In order to increase the efficiency and decrease the manufacturing cost of photovoltaic (PV) cells, significant efforts have been made to develop rear-contact solar cells in which both the positive and negative polarity contacts of the solar cell are accessible from the rear, or non-light-incident, side of the cell. Compared to traditional front-contact solar cells, rear-contact solar cells typically have less or in some cases no metal coverage of the cell's front surface. This circumvents the tradeoff that occurs in front-contact cells between the conductance of metallic front electrodes and their coverage (or shadowing) of the cell's light-incident side, leading to better optical in-coupling, lower resistive power loss, and higher conversion efficiency. Examples of rear-contact solar cells may be found in U.S. Pat. Nos. 3,903,427, 3,903,428, 4,927,770, 5,053,083, 7,276,724, and US patent applications US2009/0314346, US2010/0139746, and US2009/0256254. A thorough review of silicon-based rear-contact solar cell technology may be found in Prog. Photovolt: Res. Appl. 2006; 14:107-123.
In addition to providing higher efficiency, there are at least two other ways in which the incorporation of rear-contact solar cells can simplify and reduce the cost of manufacturing PV modules. First, in a rear-contact PV module production line, it may be possible to replace the tabbing and stringing operation required in front-contact PV modules with a simple placement step in which rear-contact cells are directly connected to an electrically functional interconnect backsheet just prior to module lamination. This can help enhance the overall throughput of the production line. Second, for silicon-based PV cells, rear-contact PV modules are typically better-suited than front-contact PV modules to the incorporation of thin, large cells because front-contact silicon cells may develop a large coefficient of thermal expansion (CTE) mismatch stress when thick current-collecting tabs are soldered on to them. This CTE mismatch stress and associated cell breakage is particularly problematic if the cells are thinner than about 200 microns or larger than about 156 millimeters on a side. By contrast, the need for thick metallic conductors is significantly reduced in rear-contact solar cells because the output current is typically distributed across the back surface of the cell. This enables thinner, wider metallic conductors to be attached to the back of rear-contact cells with lower ohmic power loss and reduced breakage from CTE mismatch stress.
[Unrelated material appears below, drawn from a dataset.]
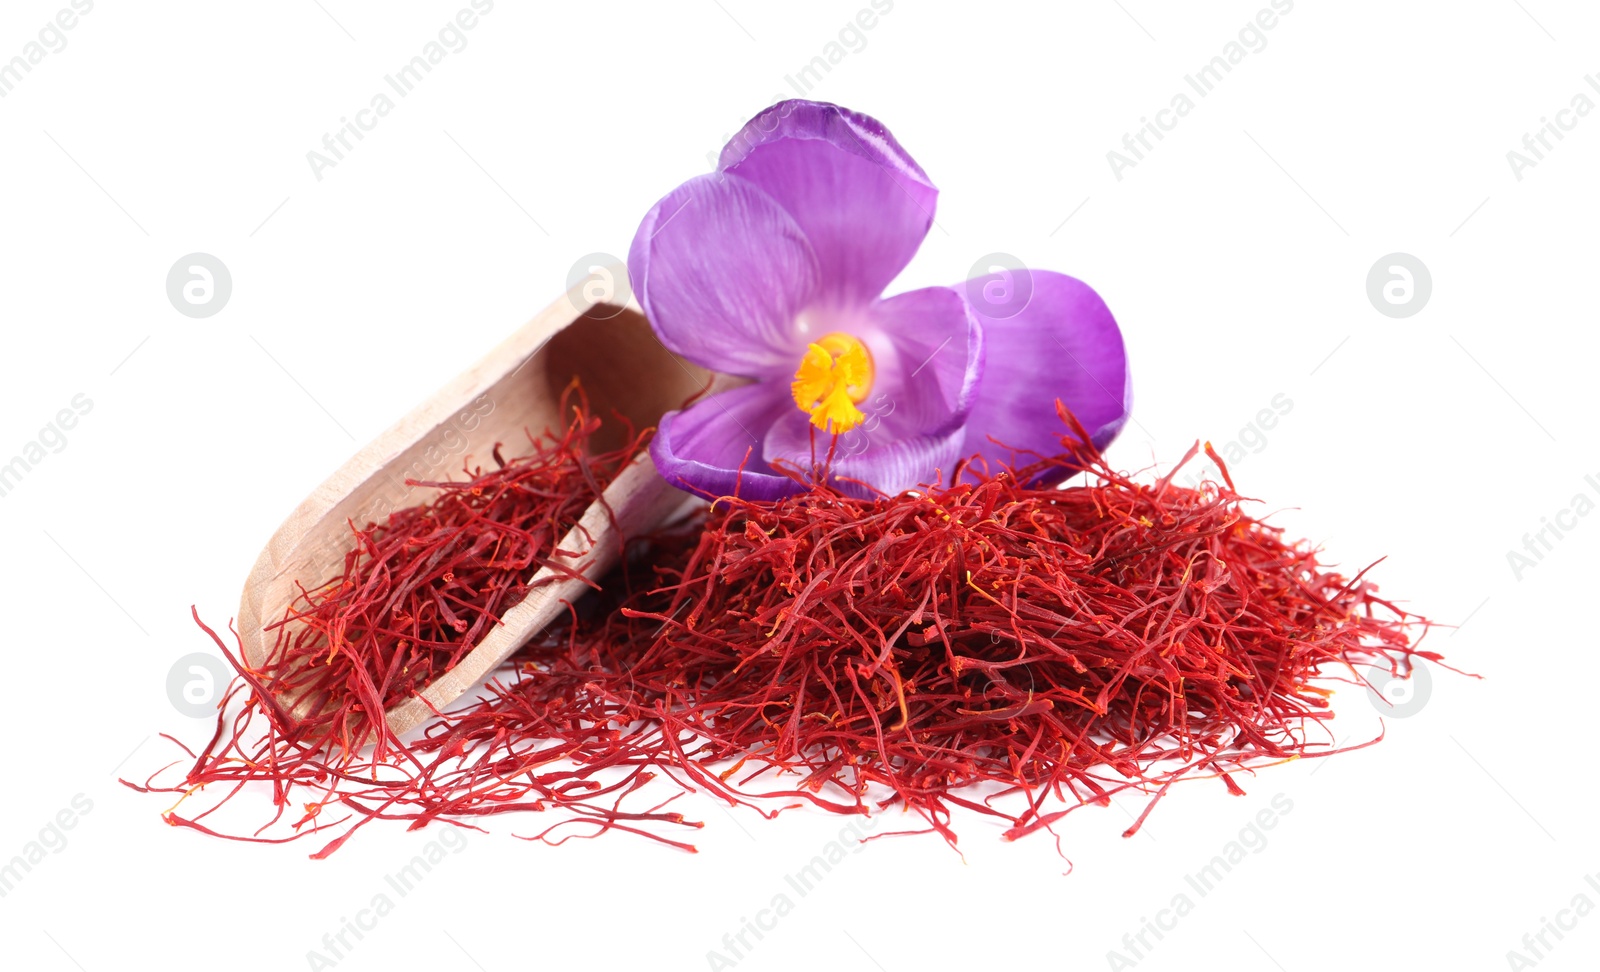 Photo of Pile of dried saffron, crocus flower and wooden scoop on white background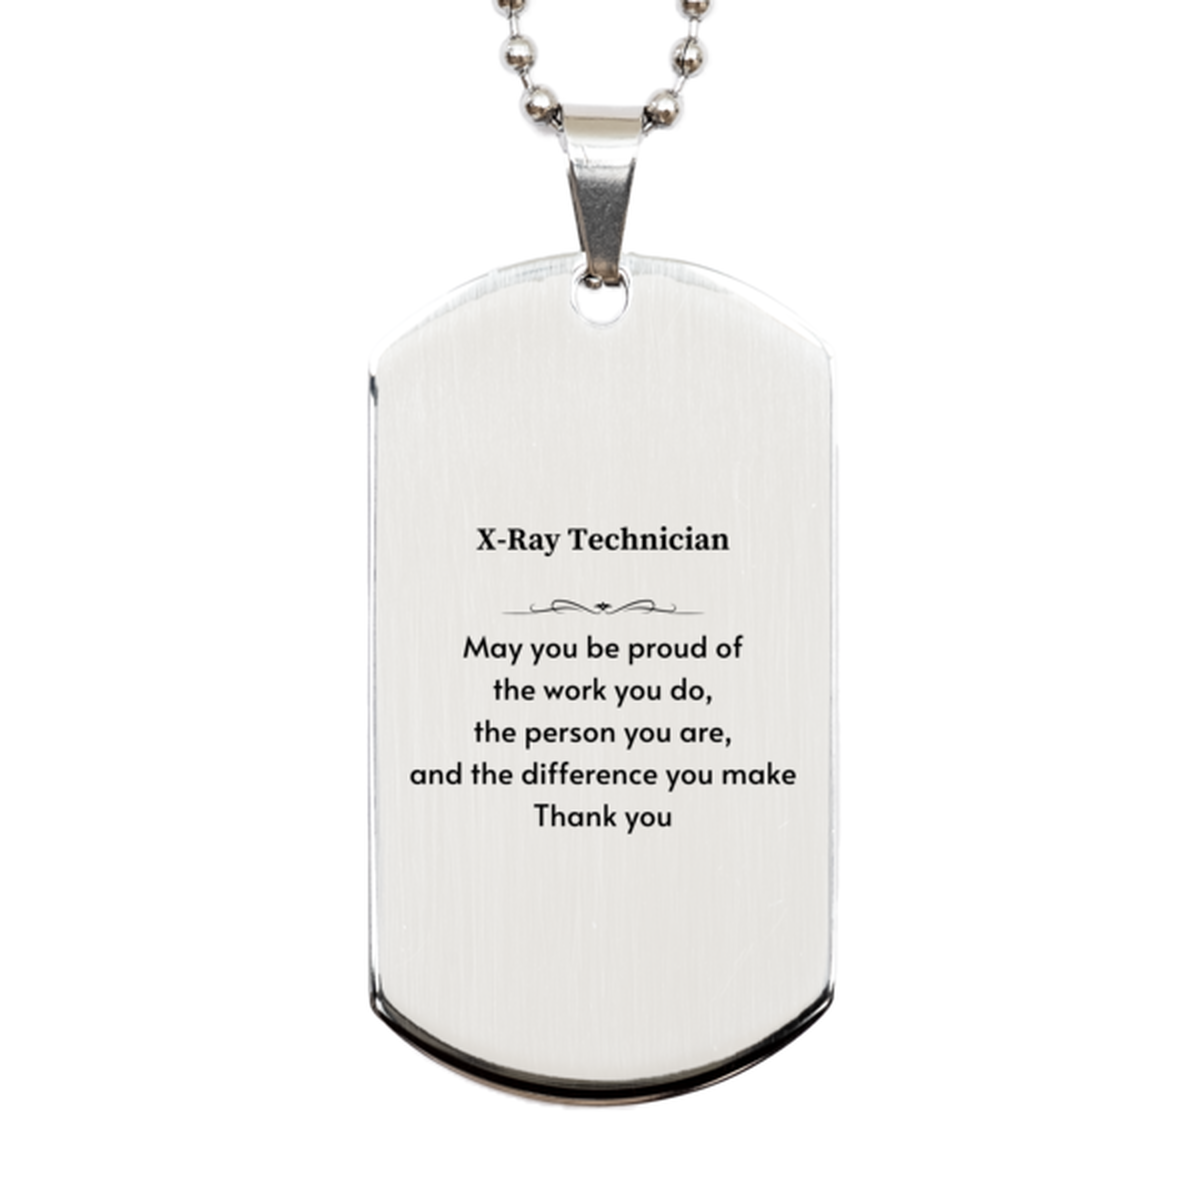 Heartwarming Silver Dog Tag Retirement Coworkers Gifts for X-Ray Technician, X-Ray Technician May You be proud of the work you do, the person you are Gifts for Boss Men Women Friends

At present, however, several factors related to the difficulty in interconnecting rear-contact solar cells have limited their widespread implementation. For example, in many rear-contact solar cell architectures, it is desirable to have a contact size and spacing on the order of a few millimeters on the cell's rear surface, while the interconnected assembly of rear-contact solar cells is generally 1 m2 or larger in a finished PV module. It is very difficult to fabricate a single circuit or device that can accommodate both of these dimensional requirements with high yield and low cost. Large-area “conductive backsheets” typically utilize a layer of interdigitated positive and negative electrodes disposed just below the rear-contact solar cells (see, for example, US Patent App. No. 2010/0012172). In many cases, the production cost of these conductive backsheets is so high that their use in PV modules becomes impractical. The high cost can be attributed in part to the relative lack of availability of screen printing and etching equipment that can handle 0.5-2 m wide rolls of material, and in part to the stringent material quality required to ensure that circuit patterns this large retain their dimensional stability to within a few millimeters.
In addition, achieving sufficient long-term reliability from rear-contact solar modules incorporating large-area conductive backsheets has been a challenge. For example, these devices may be prone to electrical shorting during fabrication and/or long-term outdoor exposure if an electrode of one polarity on the conductive backsheet touches an electrode of the opposite polarity on a rear-contact solar cell. Furthermore, in some cases mechanical stress arising from CTE mismatch between the rear-contact solar cells and the conductive backsheet may be amplified due to the fact that the conductive backsheet is generally much larger than the solar cells. Expansion and contraction of the conductive backsheet relative to the solar cells and the front glass cover sheet can cause large shear stresses to form on materials such as solder or electrically conductive adhesive that are used to make electrical connections between the solar cells and the conductive backsheet. Over time this may lead to fatigue and/or failure of these electrical connections in the field. Therefore, there exists a need for an improved interconnect for rear-contact solar cells.